● TASK DETAILS:
What is needed is an exact copy of the lines from the line holding "ランプドラマ粗い貝印 アイデコレーション for" through the end of the material, with no other lines and no pictures.

● EXERCISE DATA:
----
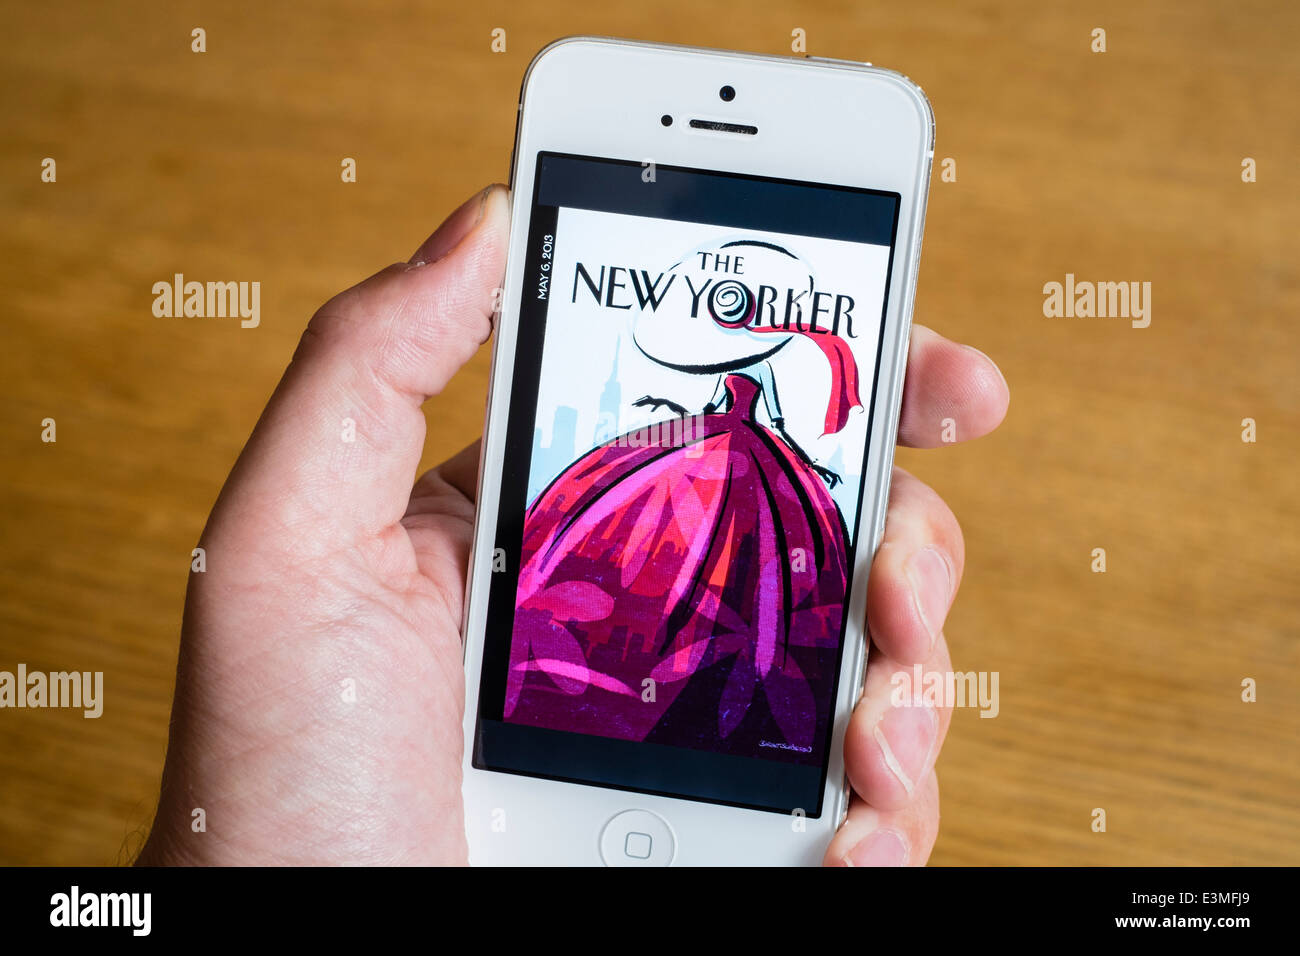 Detalle del New Yorker mobile online app en el iPhone teléfonos inteligentes. Imagen De Stock
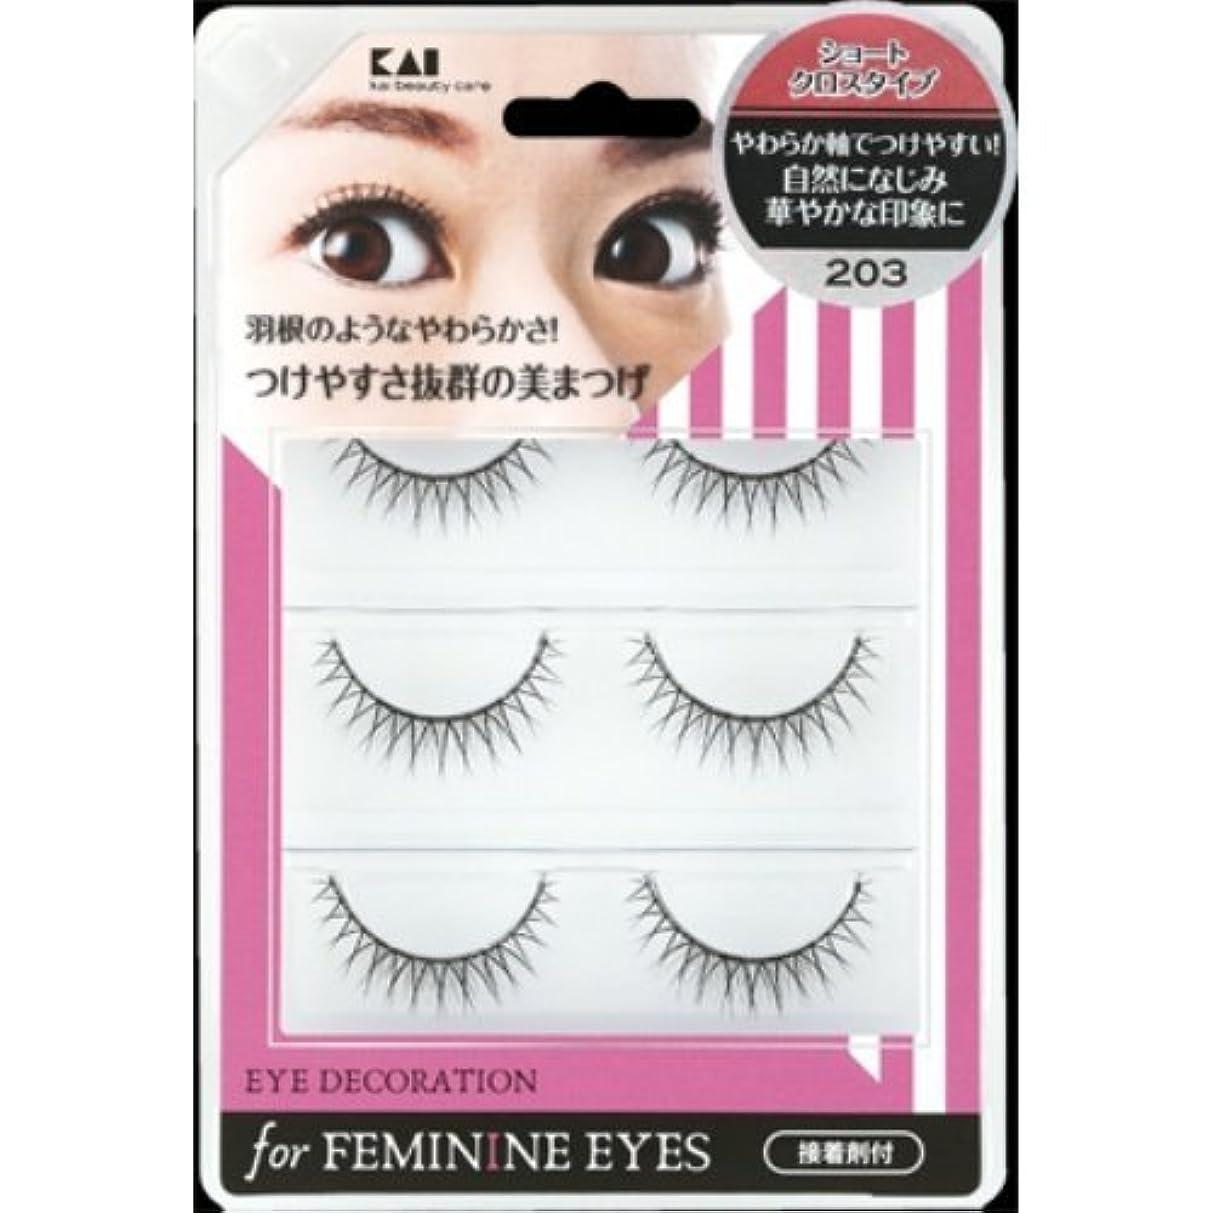 ランプドラマ粗い貝印 アイデコレーション for feminine eyes 203 HC1560
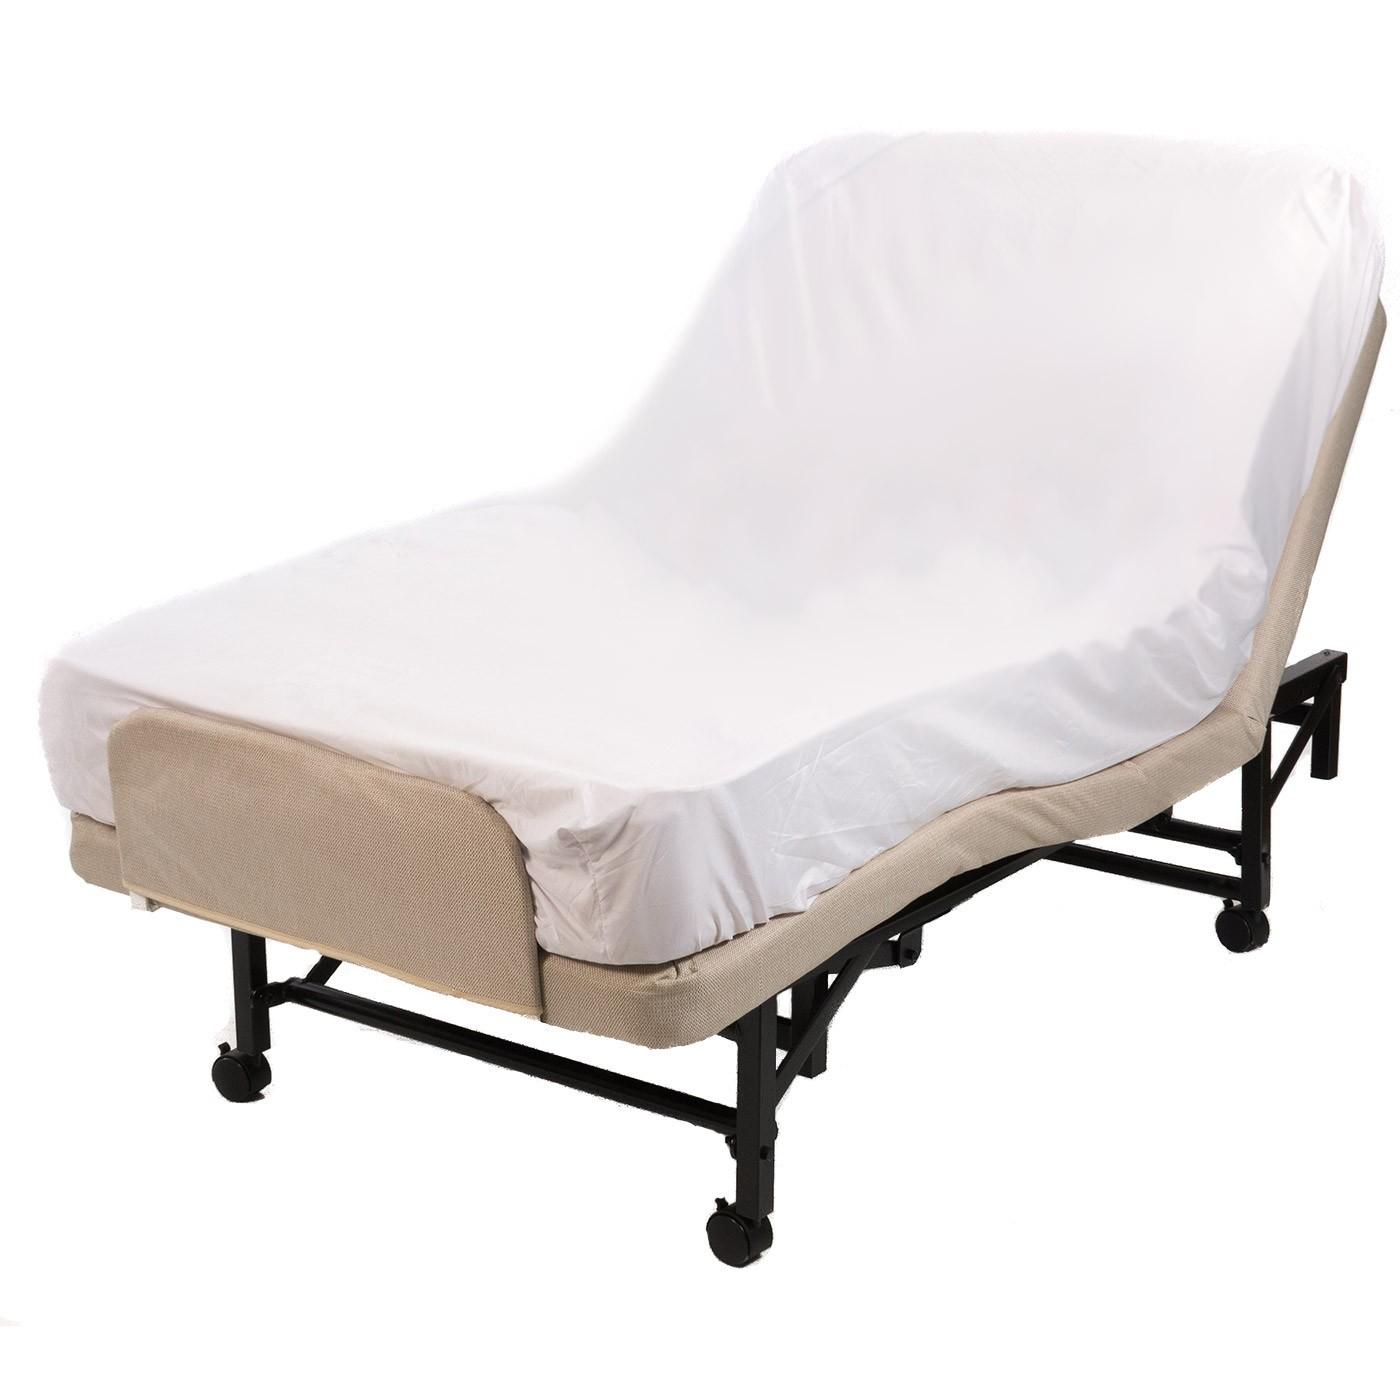 Flex-a-Bed 185 Hi-Low Adjustable Bed Package
----
● EXERCISE SOLUTION:
 ランプドラマ粗い貝印 アイデコレーション for feminine eyes 203 HC1560
 Flex-a-Bed 185 Hi-Low Adjustable Bed Package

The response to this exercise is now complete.